The MLP can still be helpful if you have a specific target year in which you want to identify siblings or if you want to track siblings over time. For example, if you are looking for all siblings in 1940, you can first identify all siblings who lived with their parents in that year using a single unlinked sample of the 1940 data. Then, you can use a linked census sample to add to those the siblings who can be linked from previous years. When you request a linked census sample (e.g., 1930 and 1940), the data will include two person records for each individual, one for 1930 and one for 1940. Each person’s HIK is automatically provided in the extract and can be used to group pairs of linked person records. By obtaining the linked individual’s 1930 household SERIAL number and MOMLOC/POPLOC values, you can then search for matching combinations of these values across your sample of linked 1940 individuals. This can also be done with a sample of multiple linked decennial censuses (e.g., 1920 and 1940 with 1930 and 1940), as long as all of the siblings in each group link back to their parental household in the same decennial census sample (whether 1920 or 1930 in this example).

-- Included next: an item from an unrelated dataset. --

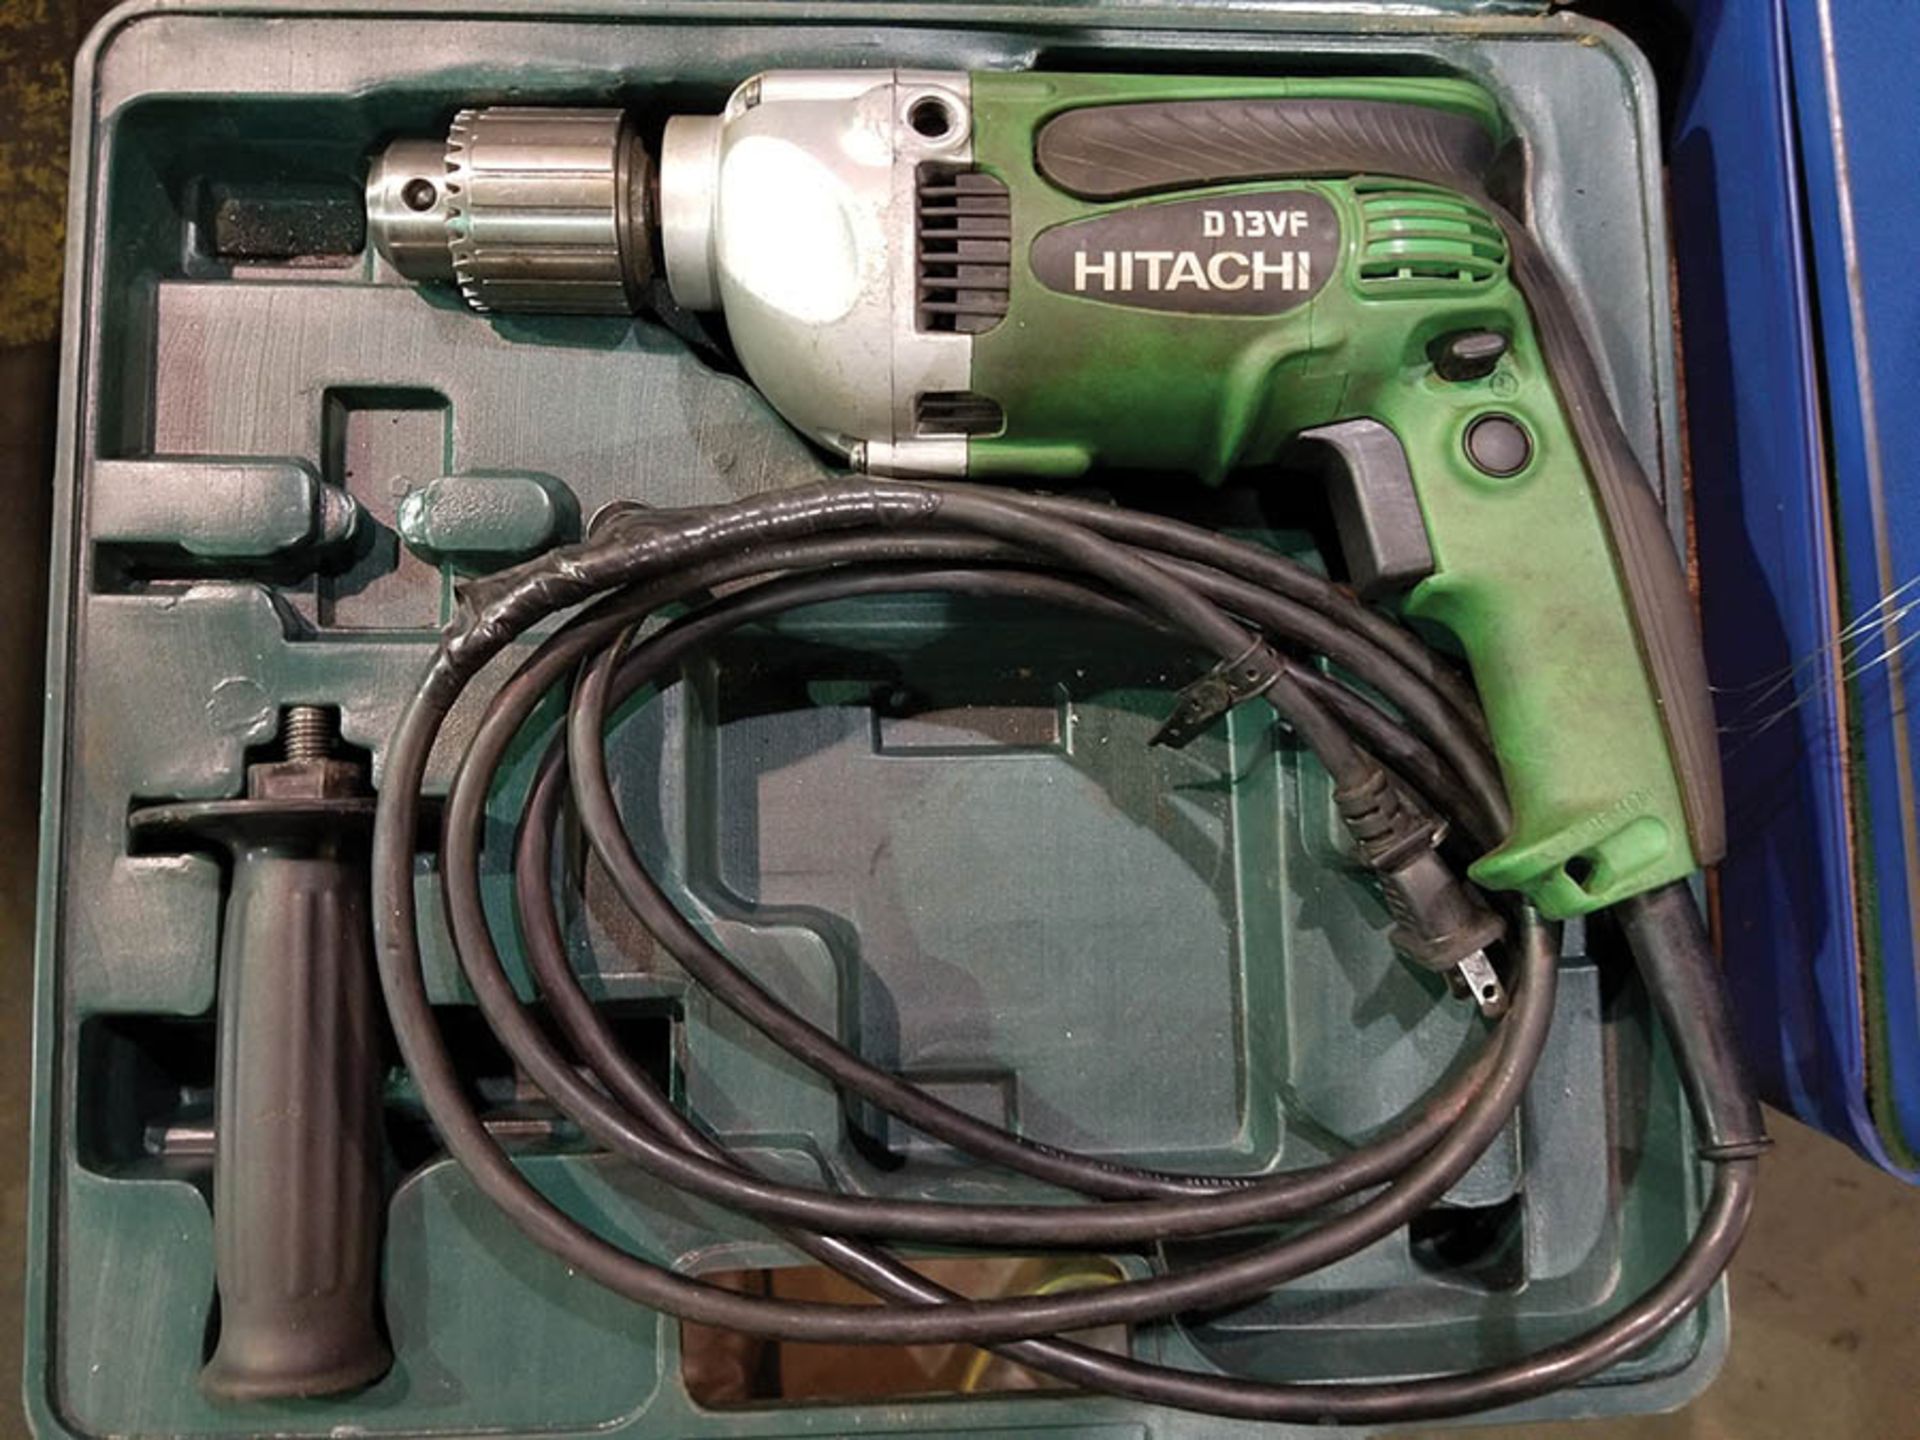 HITACHI 1/2" ELECTRIC DRILL, MODEL D13VF WITH CASE - Image 3 of 3
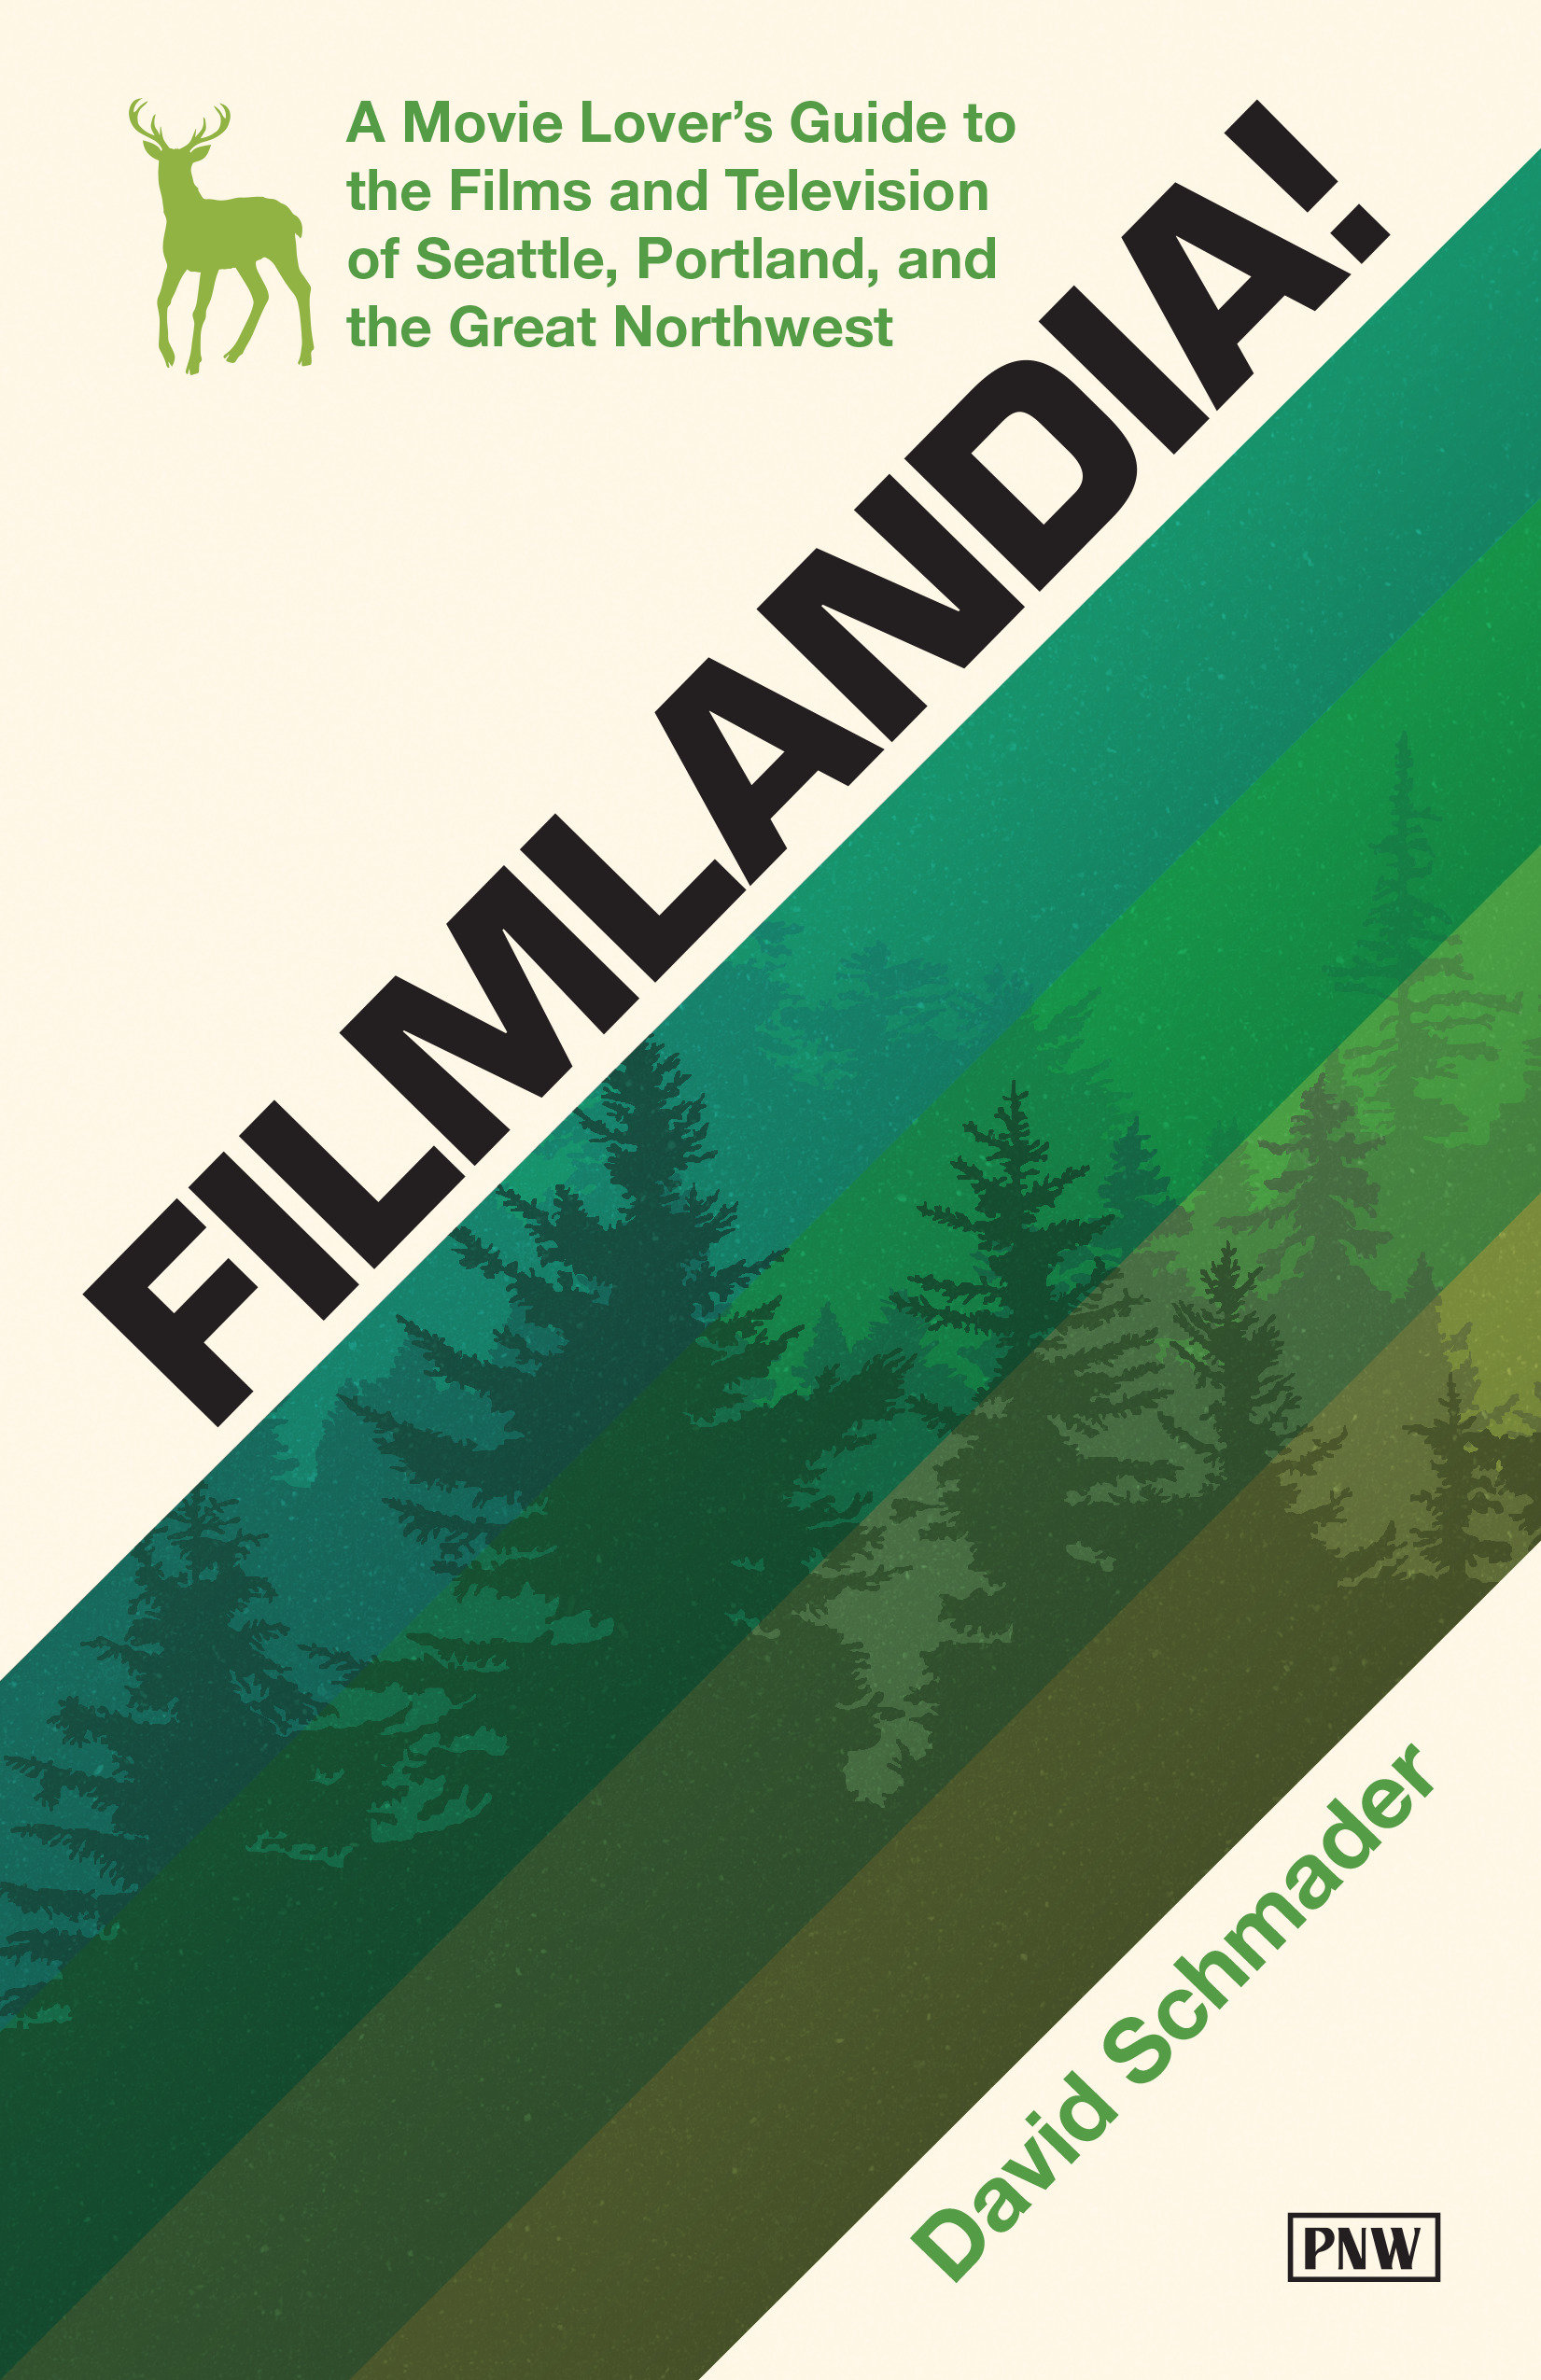 Filmlandia! A Movie Lover's Guide To The Films And Television of Seattle, Portland, and the Great Northwest

If some siblings link back to their parental household only in 1930 while others only link to 1920 (or do not link at all), then the MLP can help locate additional groups of siblings that pooling alone cannot by relying on parental links in HIK_MOM/POP. For example, suppose that you have siblings with a relatively large age gap where one of them is 8 years old in 1940 and the other is 18 years old. Additionally, the 18 year old is living elsewhere and not enumerated with their parents or siblings in 1940. In this case, the sibling pair will not be easily matched since the younger sibling will not be linked with the older sibling to the parental household in 1930. However, with an extract of multiple linked decennial censuses that has HIK_MOM/POP included, you can after grouping linked person records and obtaining any HIK_MOM/POP values, identify matching instances of these values across decennial census samples as siblings. Note that HIK_MOM/POP will only be available if the mother/father is in the household and the parent links to at least one other decennial sample (any of the 1850-1950 samples regardless of whether they are in your data cart) since those who do not link are not assigned a HIK value.
When using linked data to identify siblings, it will be important to differentiate between matches that are the same linked person from those who are their siblings (the individual HIK values should help). Finally, all linking methods are affected by the representativeness of who is linked by the MLP. See the MLP data description page section on representativeness for more details.